Sin dal 1970, il mondo scientifico ha dimostrato che ogni emozione definisce un segnale cellulare implicato nel trasferire l’informazione a livello corporeo. Le “sostanze” delle informazioni emozionali sono costituite da recettori molecolari da cui si sviluppò il concetto che pensieri sensazioni ed emozioni avessero una base bio-chimica e che gli specifici recettori molecolari sono stati spesso identificati sulla superficie cellulare. L’incontro tra molecola e recettore è la chiave chimica capace di trasferire l’informazione dentro la cellula, modificandola. Queste molecole (steroidi, peptidi…) sono state rilevate nel sistema limbico che rappresenta il nostro cervello emozionale. Quindi, un vero linguaggio bio-chimico collegato a cervello, apparato gastro-intestinale, sistema nervoso e immunitario legato da una ben precisa rete di scambi comunicazionali.
Lo stress può essere la causa di un processo
di degenerazione cellulare?
È possibile. Ma ricordiamoci che lo stress può anche essere uno stimolo positivo, che va ben gestito (eustress).

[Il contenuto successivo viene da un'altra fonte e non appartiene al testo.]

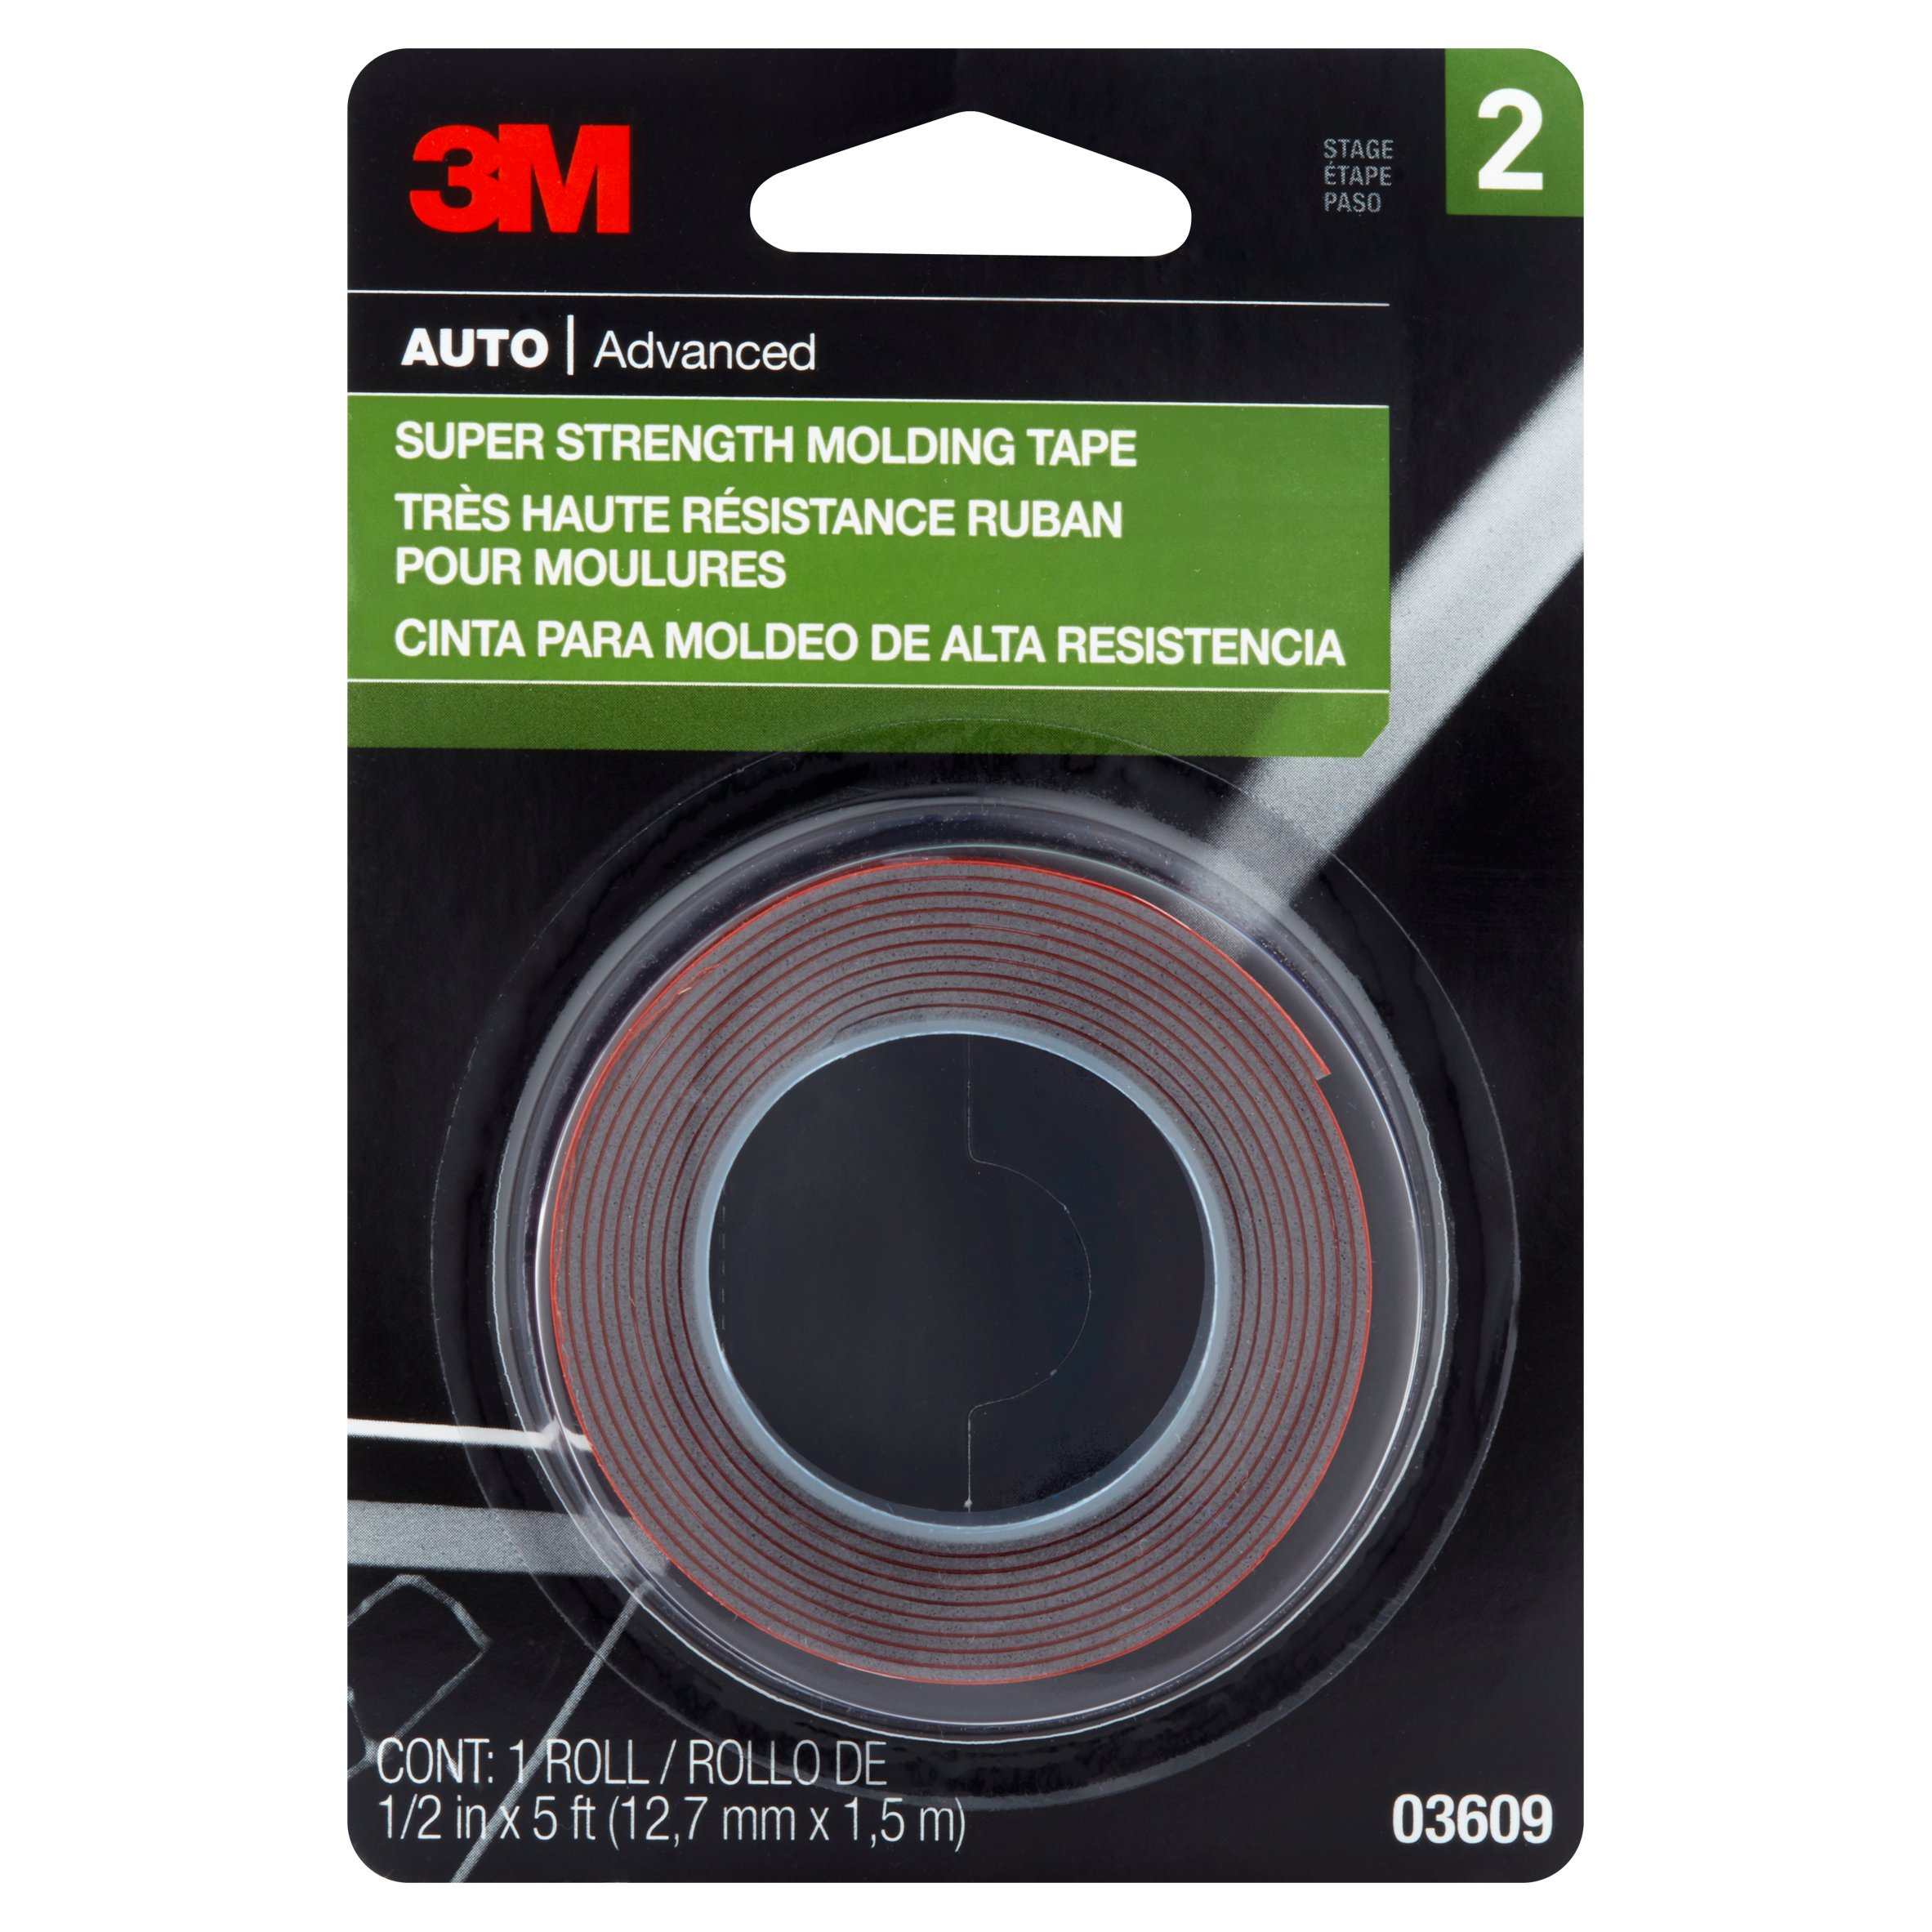 3M Auto Advanced Stage 2 Super Strength Molding Tape

Lo stress negativo (distress) può essere attivato da molte situazioni che la persona intravede come una minaccia. È una reazione ad uno stimolo specifico, sia esogeno che endogeno, che può determinare alterazioni fisiche emotive e mentali. Quando il meccanismo dello stress è attivato, la struttura mente/corpo rivede velocemente tutte le esperienze passate, le memorie inconsce radicate internamente al sistema limbico e stabilisce se quanto sta accadendo rappresenta una minaccia. Questo processo dinamico impatta sul sistema nervoso simpatico, rilasciando per lungo tempo gli specifici ormoni stressogeni, quali il cortisolo. La crescita, a livello ematico, del cortisolo comporta modifiche dell’umore, altera la memoria, abbassa il livello di serotonina e indebolisce il sistema immunitario.

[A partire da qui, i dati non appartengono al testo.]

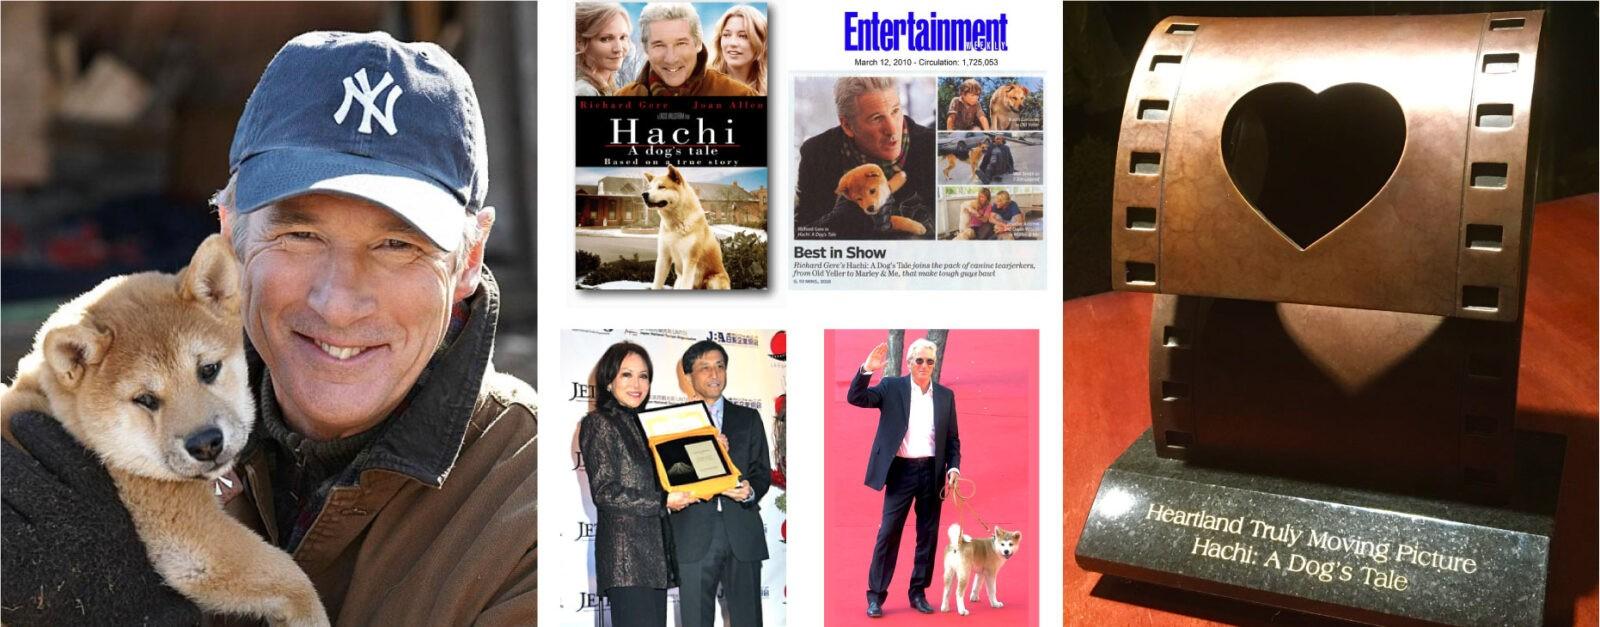 Hachi: A Dog's Tale Richard Gere & Awards

Molte ricerche evidenziano che, negli anni precedenti l’insorgenza di molteplici patologie, le persone hanno – per esempio – imparato ad ignorare i propri bisogni, in modo da soddisfare bisogni di altri, hanno rifiutato di riconoscere i propri limiti emozionali o hanno palesato l’incapacità di esprimere le loro emozioni, in quanto condizionati dall’assetto emotivo appreso sin da bambini. Tendenzialmente il modo in cui le persone gestiscono i livelli di stress è basato sulle regole adottate dalla società internamente alla quale viviamo o dai modelli educativi parentali. Depressione, disperazione ed altro sono emozioni potenzialmente concause di patologie particolarmente serie.
“Medicina comportamentale”: quale terapia?
Tecniche di meditazione, di rilassamento e simbolismo visuale possono ridurre alti livelli di ansia, smantellando le convinzioni negative e i pregiudizi delle persone. Un’altra dimensione terapeutica è quella che si avvale dell’utilizzo positivo dei nostri schemi linguistici.
Se, le parole che utilizziamo – nel bene e soprattutto nel male – nella nostra quotidianità sono espressione dei nostri pensieri, è possibile che abbiano un così profondo effetto internamente al nostro subconscio, che, intervenendo sul sistema nervoso centrale, possano influire negativamente sul nostro sistema immunitario. Di rimando: se prendiamo profondamente conoscenza dei nostri schemi linguistici, possiamo trasformare i significati da negativi in positivi, generatori di comportamenti valoriali con benefici influssi su tutto il sistema.